» WHAT IS REQUIRED: Below are entries with pictures among them; reproduce exactly, and only, the lines from the one containing "washing hanging out" down to the one containing "Woolen coat with", without the pictures.

» LISTED RECORDS:
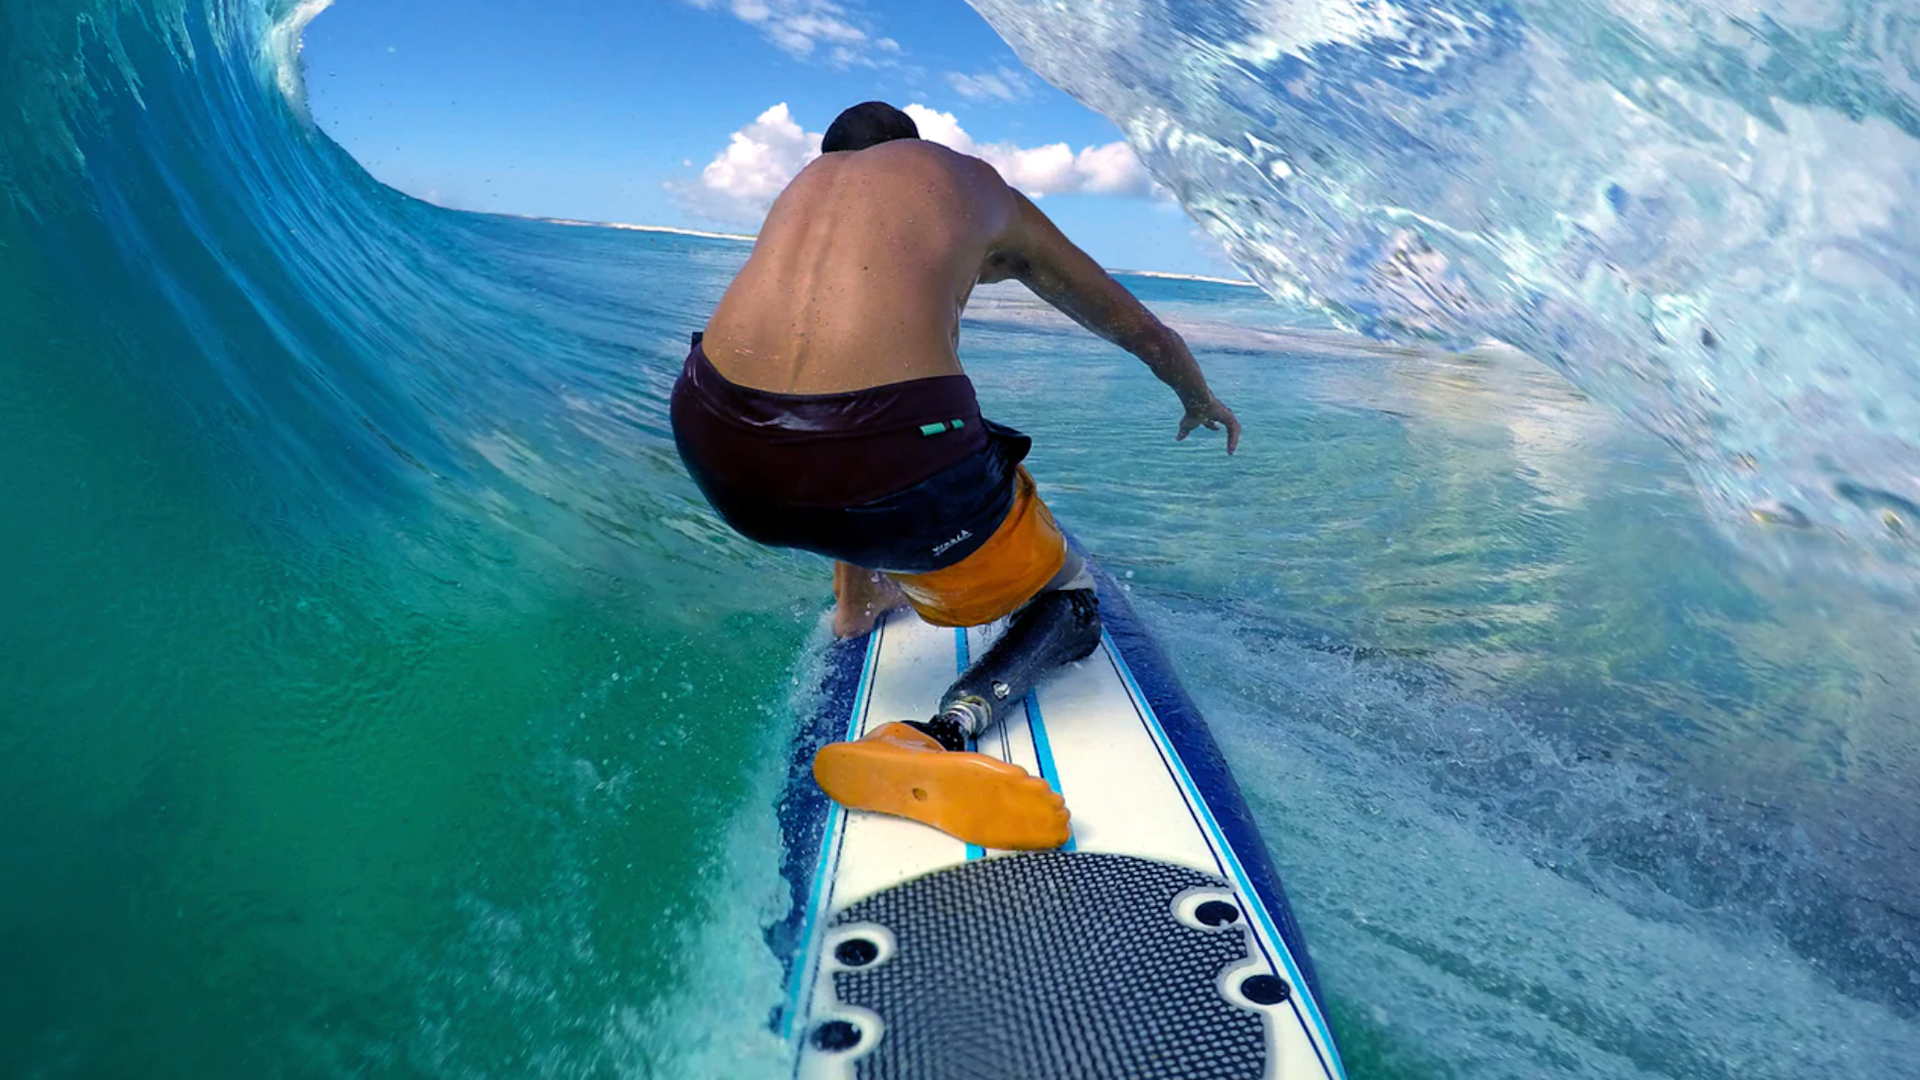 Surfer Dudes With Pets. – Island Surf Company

---

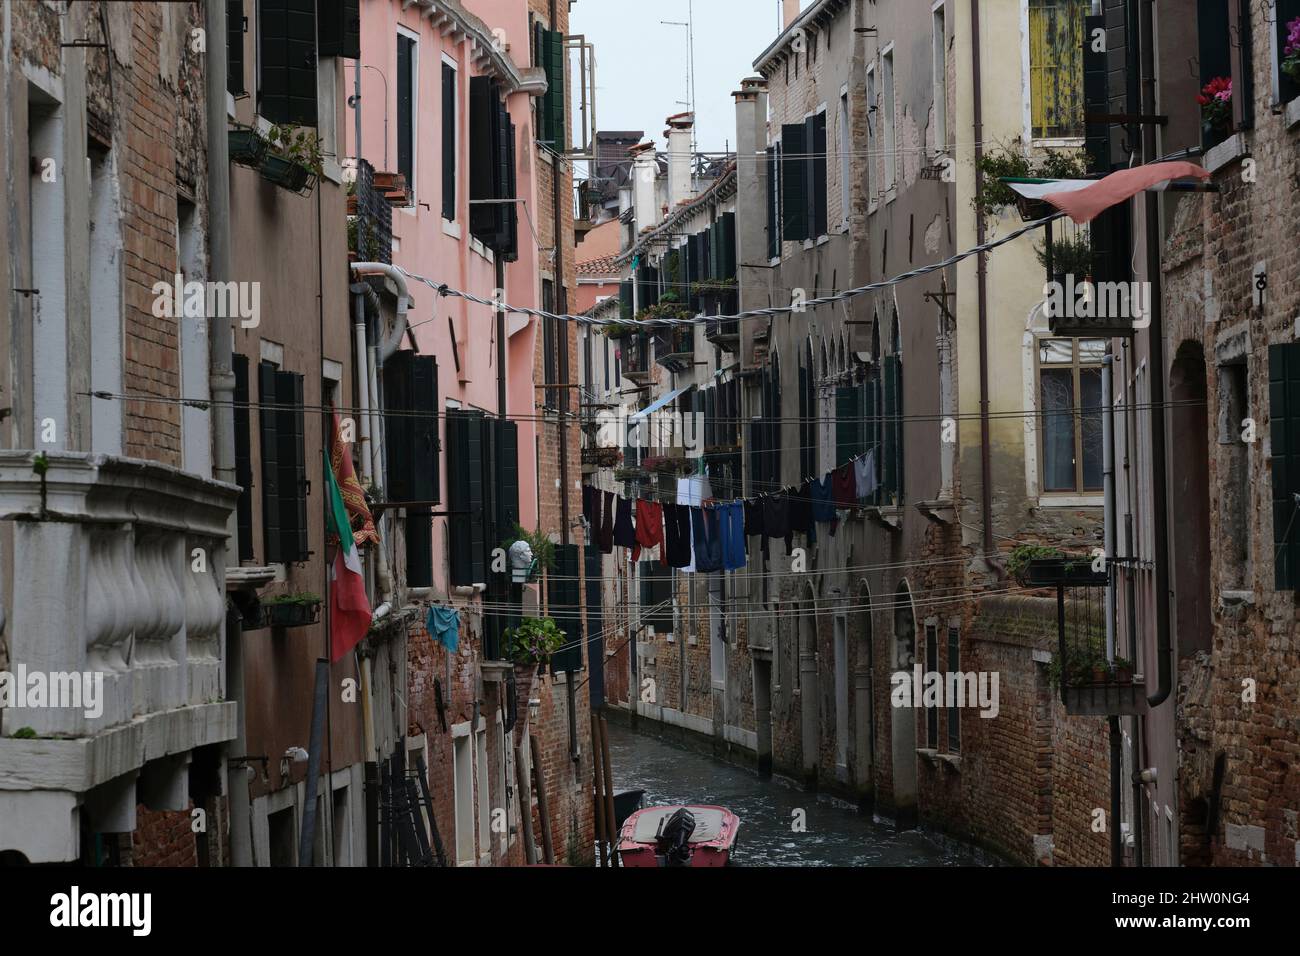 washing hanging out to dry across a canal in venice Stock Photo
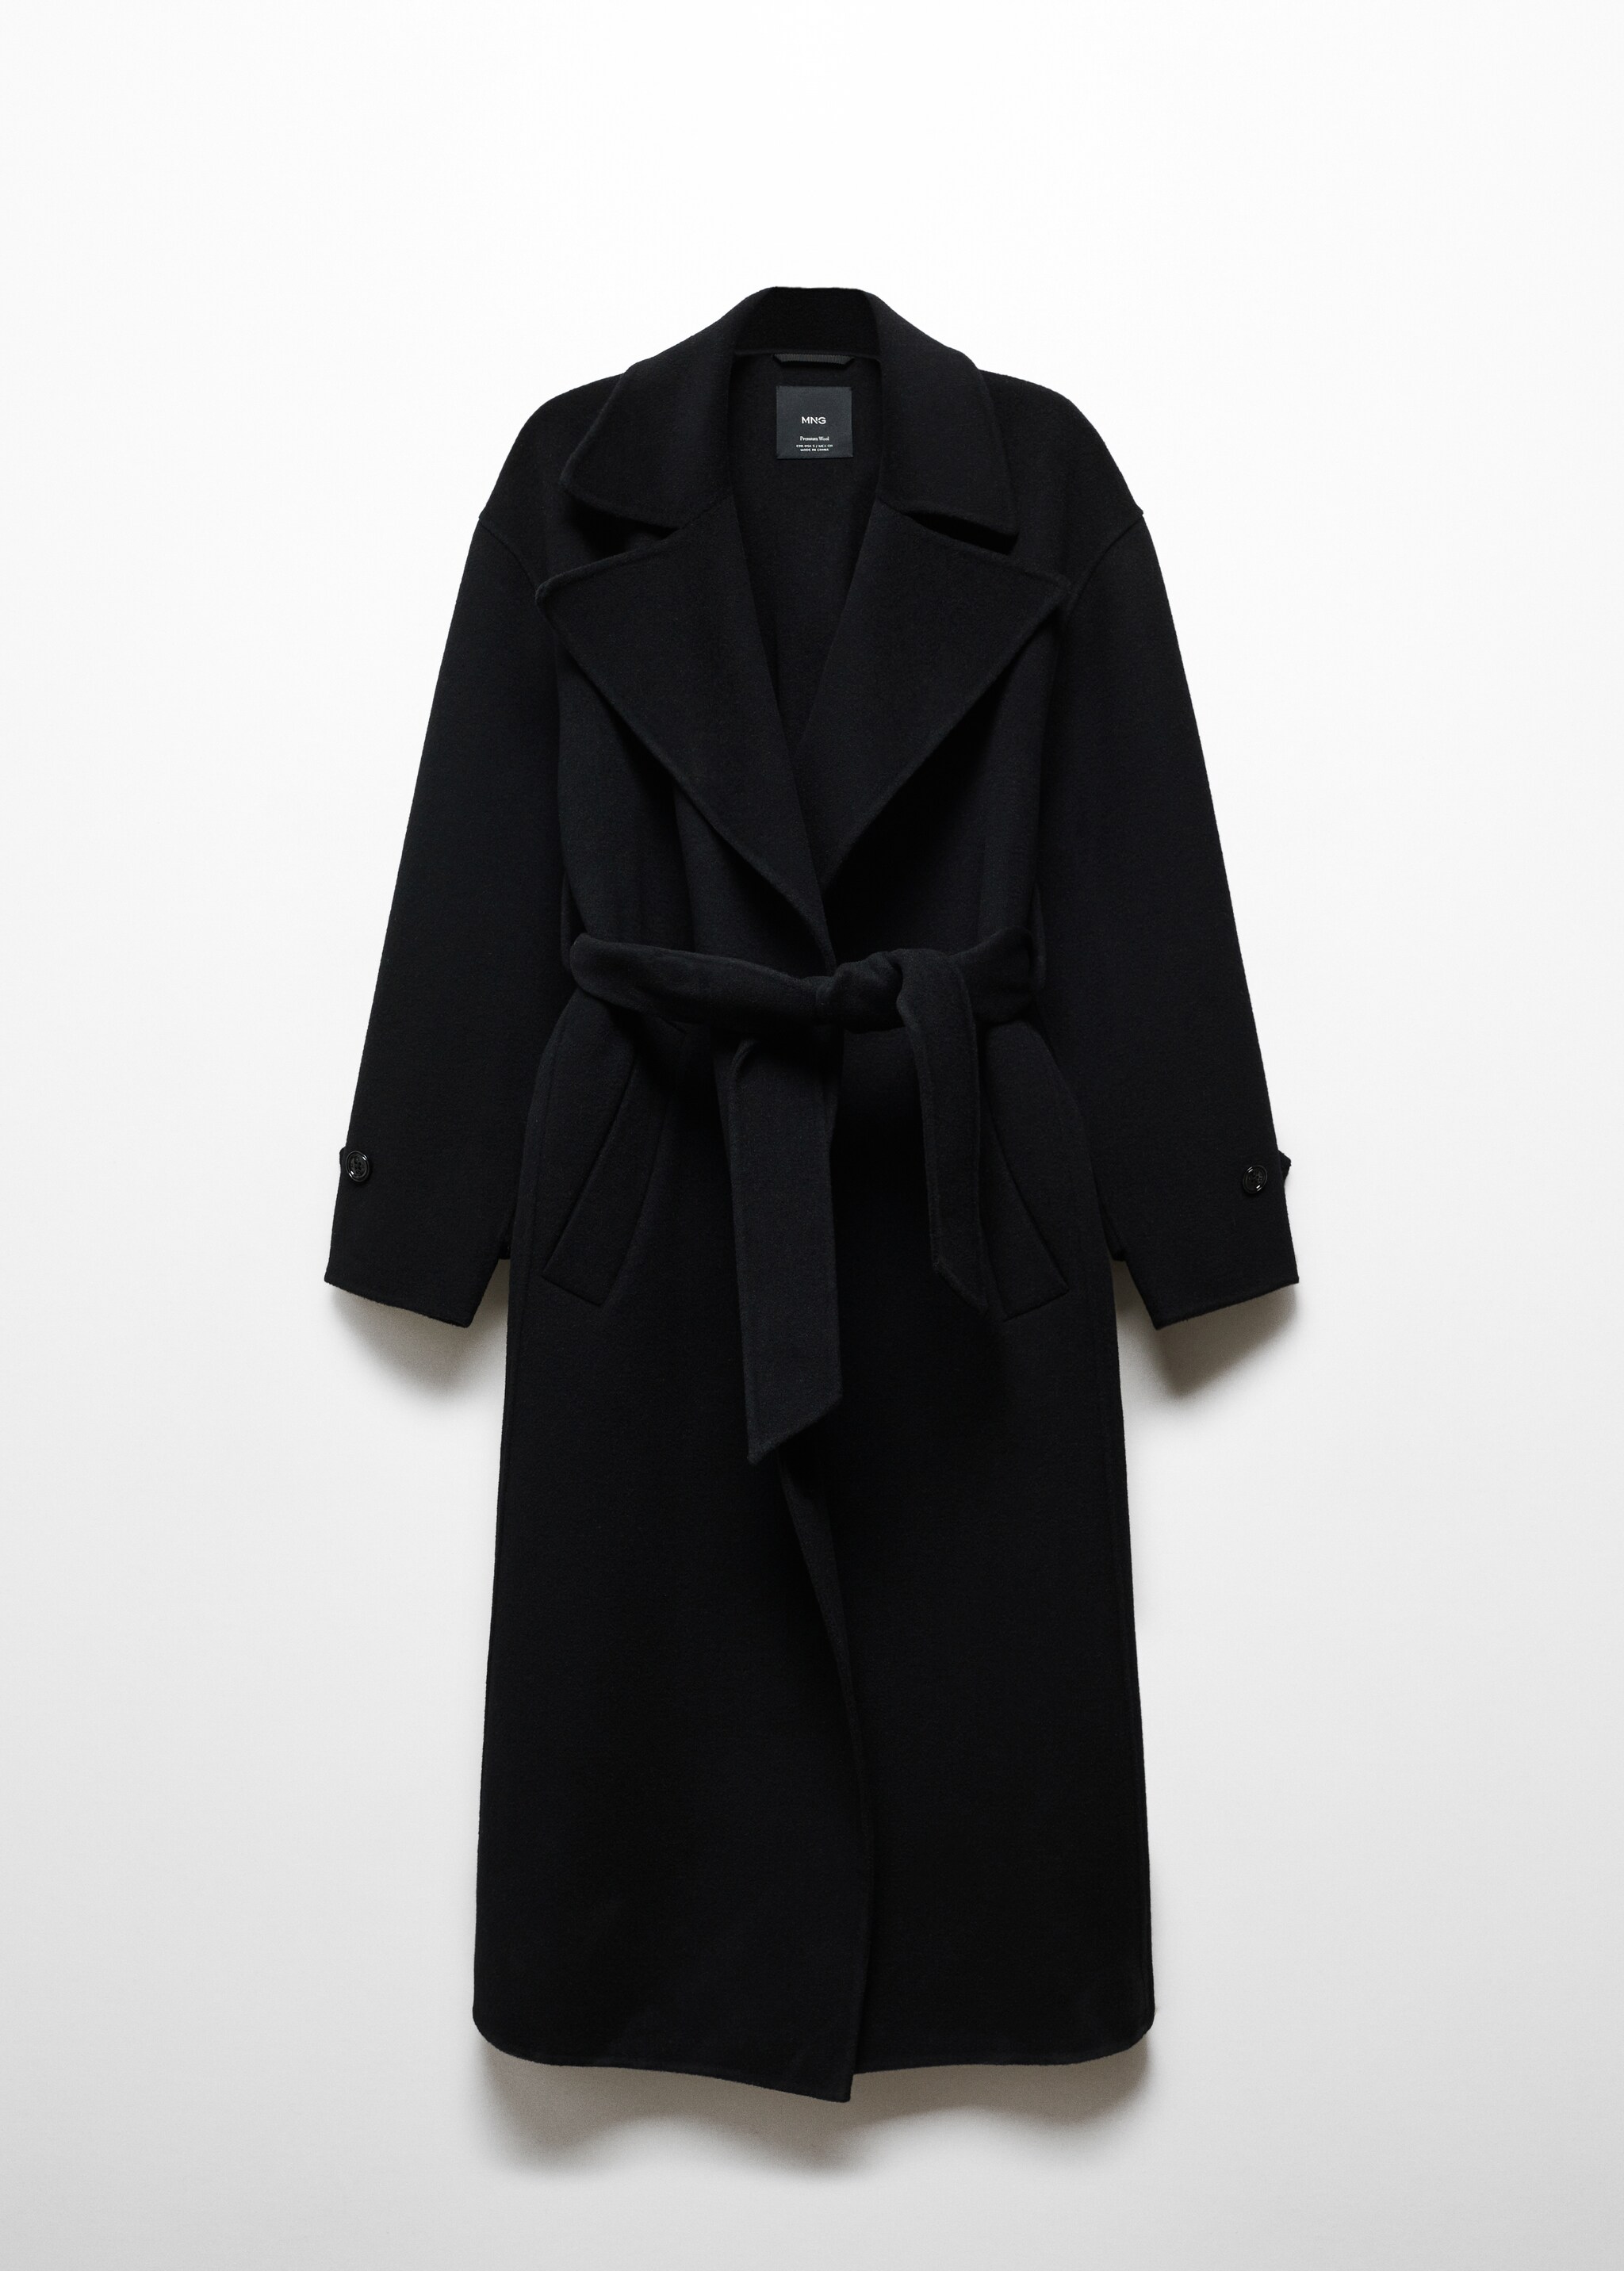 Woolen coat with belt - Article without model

» OUTPUT FOR THIS TASK:
 washing hanging out to dry across a canal in venice Stock Photo
 Woolen coat with belt - Article without model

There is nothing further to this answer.